The longer-term structural point the OECD makes is worth sitting with: the global economy remains dangerously dependent on a single shipping chokepoint for a fifth of its oil supply. The 2021 Suez Canal blockage and the 2022 Russian energy embargo were smaller-scale reminders of how vulnerable global supply chains are to geographic concentration. The Iran conflict is a much larger version of the same lesson. The response — emergency demand-restraint measures, international coordination of strategic energy reserves, diversification of energy supply — is correct but slow. These are multi-year infrastructure and policy investments. The conflict is happening now. That asymmetry between the speed of the shock and the speed of the structural response is what makes the OECD’s worse-case scenario so dangerous for the countries least able to absorb it.

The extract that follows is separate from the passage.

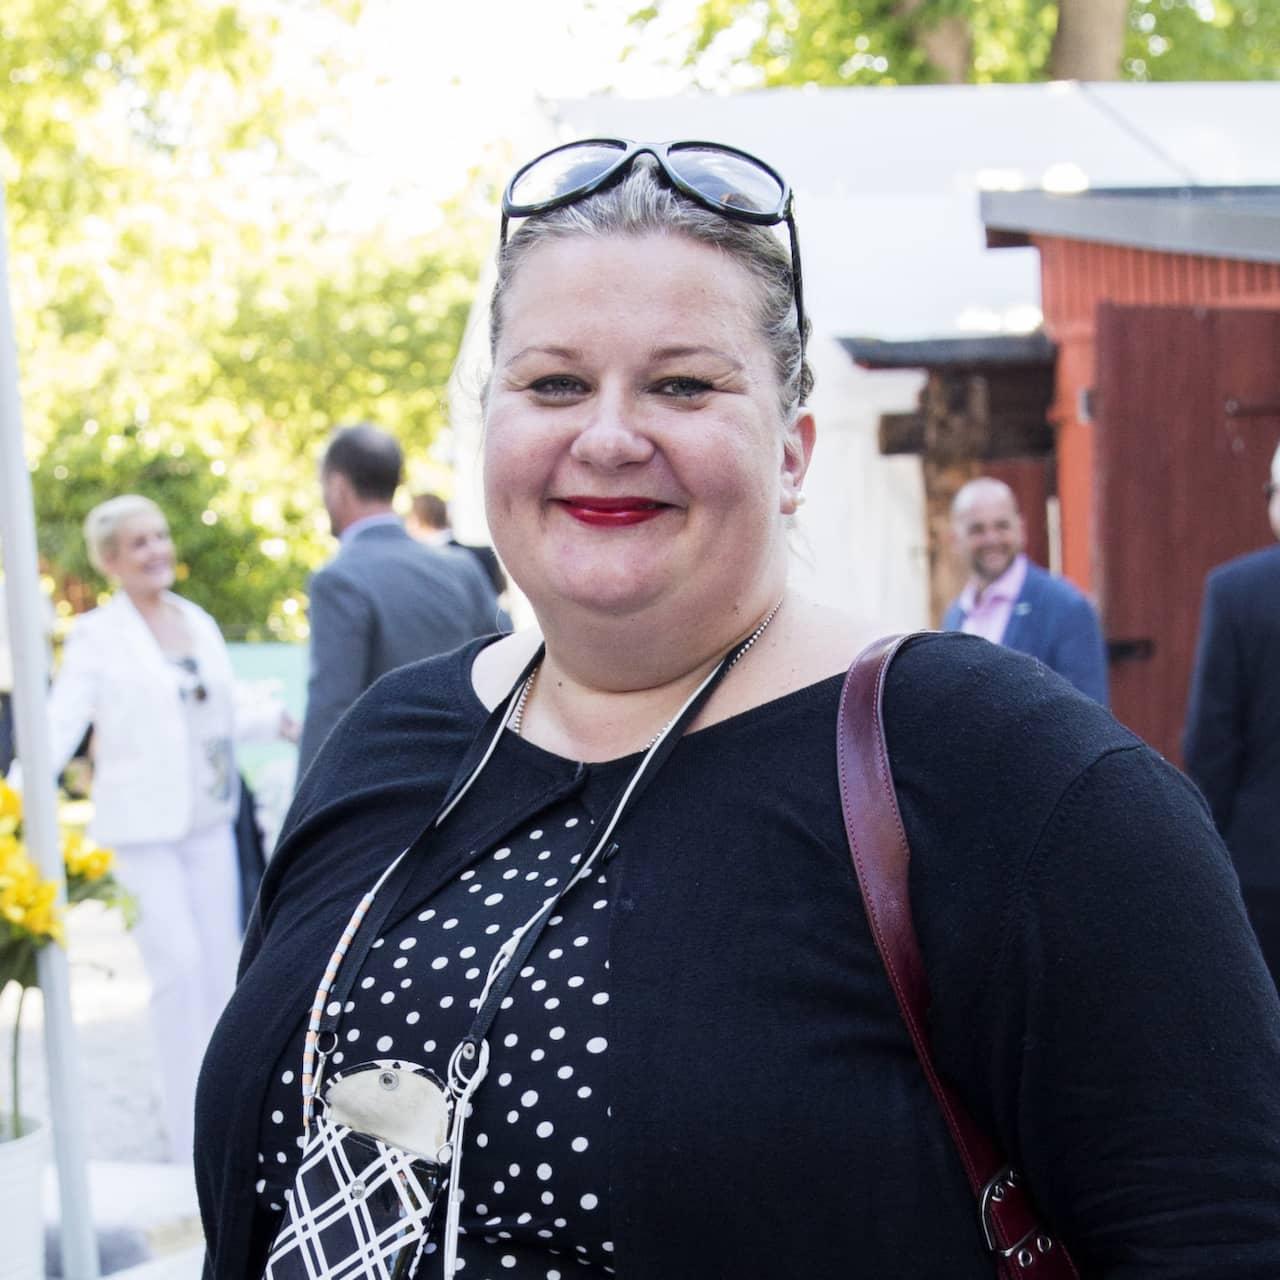 43. Anna Gullberg

For markets, the OECD’s warning is a clear risk-off signal. The S&P 500 and Nasdaq have held at or near all-time highs partly on the assumption that the global economy is on a modest, steady growth trajectory with inflation gradually declining. The Iran-conflict scenario introduces genuine binary risk into that assumption. If the conflict resolves quickly — a genuine diplomatic settlement, not just a ceasefire — the OECD’s benign scenario plays out and the global economy recovers to 3.1% growth by 2027. If it does not, the world is looking at the possibility of back-to-back years of near-recession growth, with inflation that central banks cannot easily address without making the slowdown worse. The market consensus that has priced in two Fed rate cuts by early 2027 may need to be substantially revised — in either direction, depending on whether energy prices spike further or a peace settlement provides relief.
The fundamental asymmetry in the OECD’s analysis is between those who can absorb the shock and those who cannot. Large, wealthy economies with strategic reserves, deep capital markets, and flexible currencies — the United States, Japan, South Korea — can ride out a prolonged Hormuz disruption with significant damage but without catastrophe. For the developing economies of Asia, the Middle East, and sub-Saharan Africa, the same shock is a direct threat to economic stability. Scarpetta’s phrase — “the consequences would be global but could prove especially severe for developing economies” — is the clearest summary of an economic conflict that, like most conflicts, is producing winners and losers at a scale that has nothing to do with who started it.